Contact: http://www.communitiesconference.org/.
LABOR DAY - The 29th annual Bread and Roses Festival, a celebration of the ethnic diversity and labor history of Lawrence, MA, will be held September 2, in honor of the 1912 Bread and Roses Strike. There will be music, dance, poetry, drama, ethnic food, historical demonstrations, walking & trolley tours.
Contact: PO Box 1137, Lawrence, MA 01842; 978-794-1655; http://www.breadandrosesheritage.org/.
OCCUPY WALL STREET - September 17 is the two-year anniversary of the Occupy Wall Street movement. Events are planned in New York City and worldwide.
Contact: http://occupywallst.org/.
TEACHERS - The 13th Annual Conference, “Teaching for Social Justice: The Politics of Pedagogy,” will be held October 12 in San Francisco, CA. The free event features workshops, resources, and free childcare.
Contact: 415-676-7844; teachers4socialjustice@yahoo.com; http://www.t4sj.org/.
HAITI - International Action, which brings clean water and chlorinators to Haiti, seeks office space capable of housing up to six people and their office equipment.
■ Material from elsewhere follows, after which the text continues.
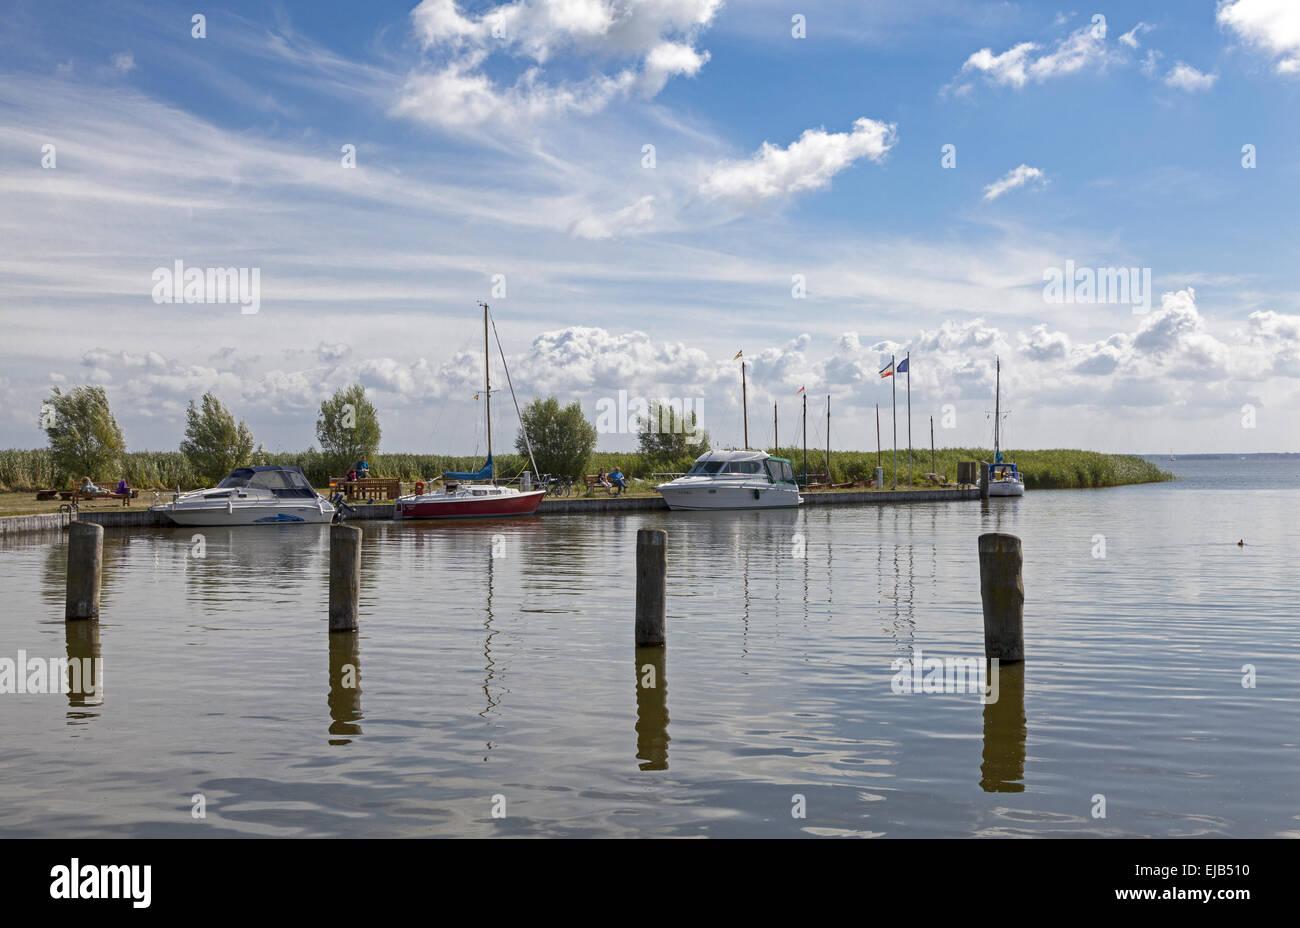 Port Altenhagen - Stock Image
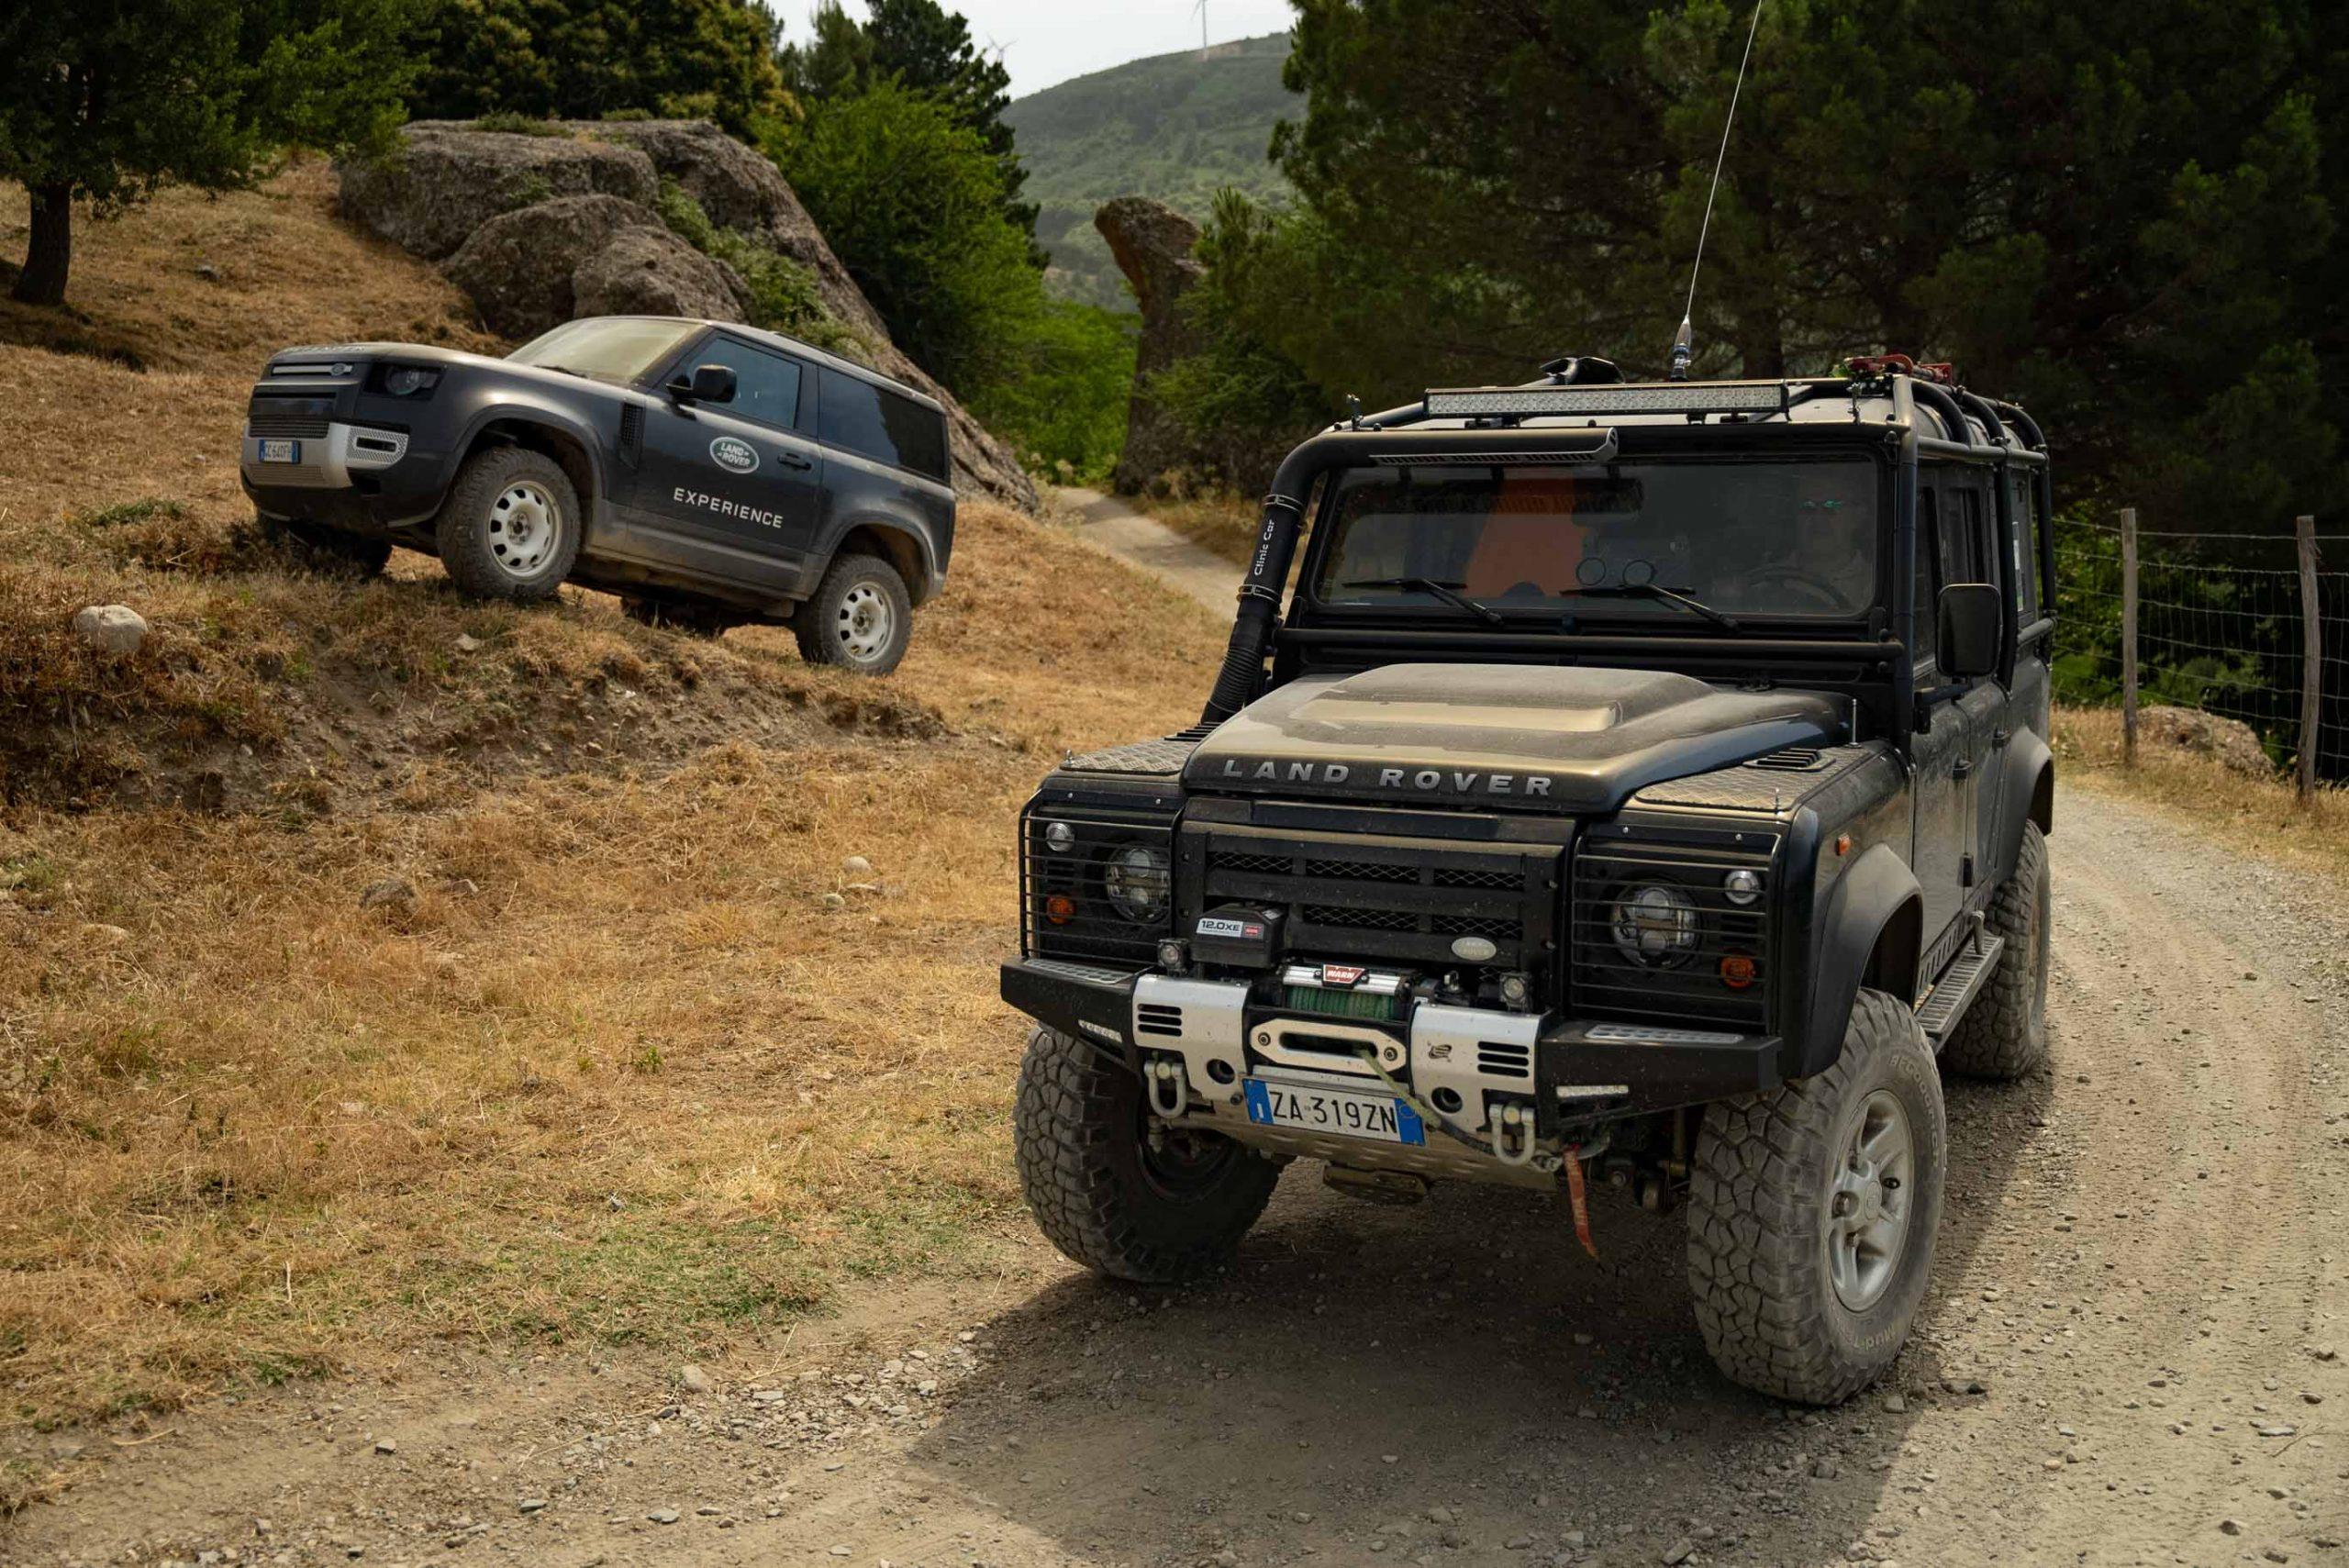 Land_Rover_Tour_Sicilia_2021_Land_Rover_Experience_Italia_-18

Contact: Zach Bremer, Zbrehmer@haitiwater.org; 202-488-0735; http://www.haitiwater.org/.
MEDIA - The Union for Democratic Communications and Project Censored are sponsoring a joint conference on media democracy, media activism and social justice to be held November 1-3 at the University of San Francisco. Proposals for presentations, workshops and panels from activists and critical scholars are invited.